De terras e lágrimas
_______________________________
Um menino
que viveu
os primeiros
momentos do avanço
alemão sobre a Europa,
mais de meio século
depois,
conta a história vivida
e gravada
no próprio corpo.
_______________________________
Embora não pretendesse
fazer literatura, o material ditado pela memória, impôs certos recursos
perpassados pela subjetividade que são estranhados à rigorosa arquitetura do
discurso científico.
Uma conhecida canção
francesa ou belga, dos anos da guerra, que ganha atualidade nos nossos dias,
introduz o discurso: "Tudo vai bem, tudo vai muito bem, é preciso que eu
vos diga. Tudo vai bem, mas seus animais de criação morreram, seus bens se perderam,
seus parentes se suicidaram. Fora isso, tudo vai bem".
A ironia da canção,
transposta de um momento para outro, ilustra a ótica das vítimas de guerra.
Apesar dos conflitos, o mundo continua; os que não foram atingidos ostentam o
seu alívio e a sua felicidade. As tragédias particulares de muitos não são
suficientes para interromper a irônico curso da vida: "Tout va très bien
madame la marquise, / tout va très bien, il faut pourtant que je vous
dise..."
Embalados pelos sons
desta canção, os personagens referenciais do livro, Max e Lisa, pais do pequeno
Arnold, saem do cinema. Ora, esta cena inicial da narrativa, que lembra um
recurso literário de introdução dos acontecimentos, é, de fato, uma cena real.

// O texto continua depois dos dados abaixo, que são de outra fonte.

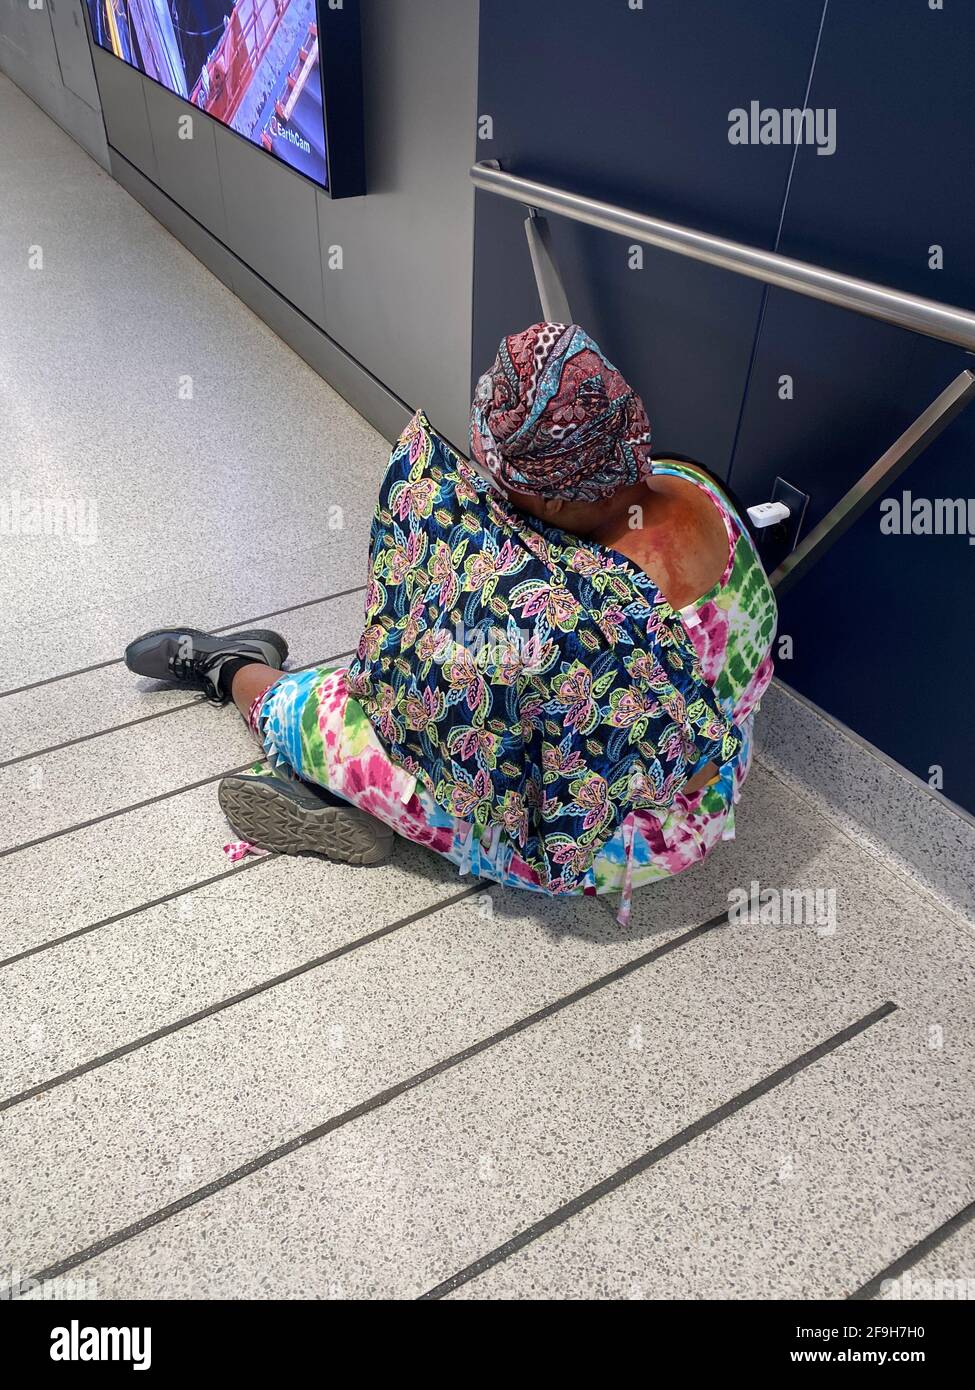 Eine scheinbar obdachlose Frau in farbenfrohem Kleid sitzt an einer Auffahrt zur neuen Moynihan Train Hall am Penn Station in New York City. Stockfoto

E, desde aí, a compulsão investigativa do autor do livro se faz sentir. A
partir de jornais da época, A. S. Scheinowitz identificou até mesmo o filme que
estava passando, quando seus pais viviam um dos últimos momentos de tranquila
ilusão.
Com este episódio é
possível dar uma mostra do longo trabalho de levantamento feito pelo autor. Se
até mesmo detalhes pessoais não foram descuidados, o mesmo critério confere
valor às suas conclusões sobre o papel dos franceses, como bem comportados agentes
no cumprimento das tarefas sujas que lhes foram reservadas pelos nazistas. O
capítulo "Os caçadores são franceses" é o ponto de partida do libelo
de Scheinowitz sobre o envolvimento da França no processo de aniquilamento dos
judeus.
Publicado na Bélgica, e
ainda inédito em português, o livro De
terre e de larmes, de A. S. Scheinowitz será lançado às 18:30 de amanhã, no
Museu Geológico da Bahia, como parte dos eventos do XIII Congresso Brasileiro
de Professores de Francês.
____________________________
De terras e lágrimas. Artigo crítico sobre o livro De terre e des armes, de A. S.
Scheinowitz. Coluna “Leitura Crítica” do jornal A Tarde, Salvador, 3 ago. 98, p. 7.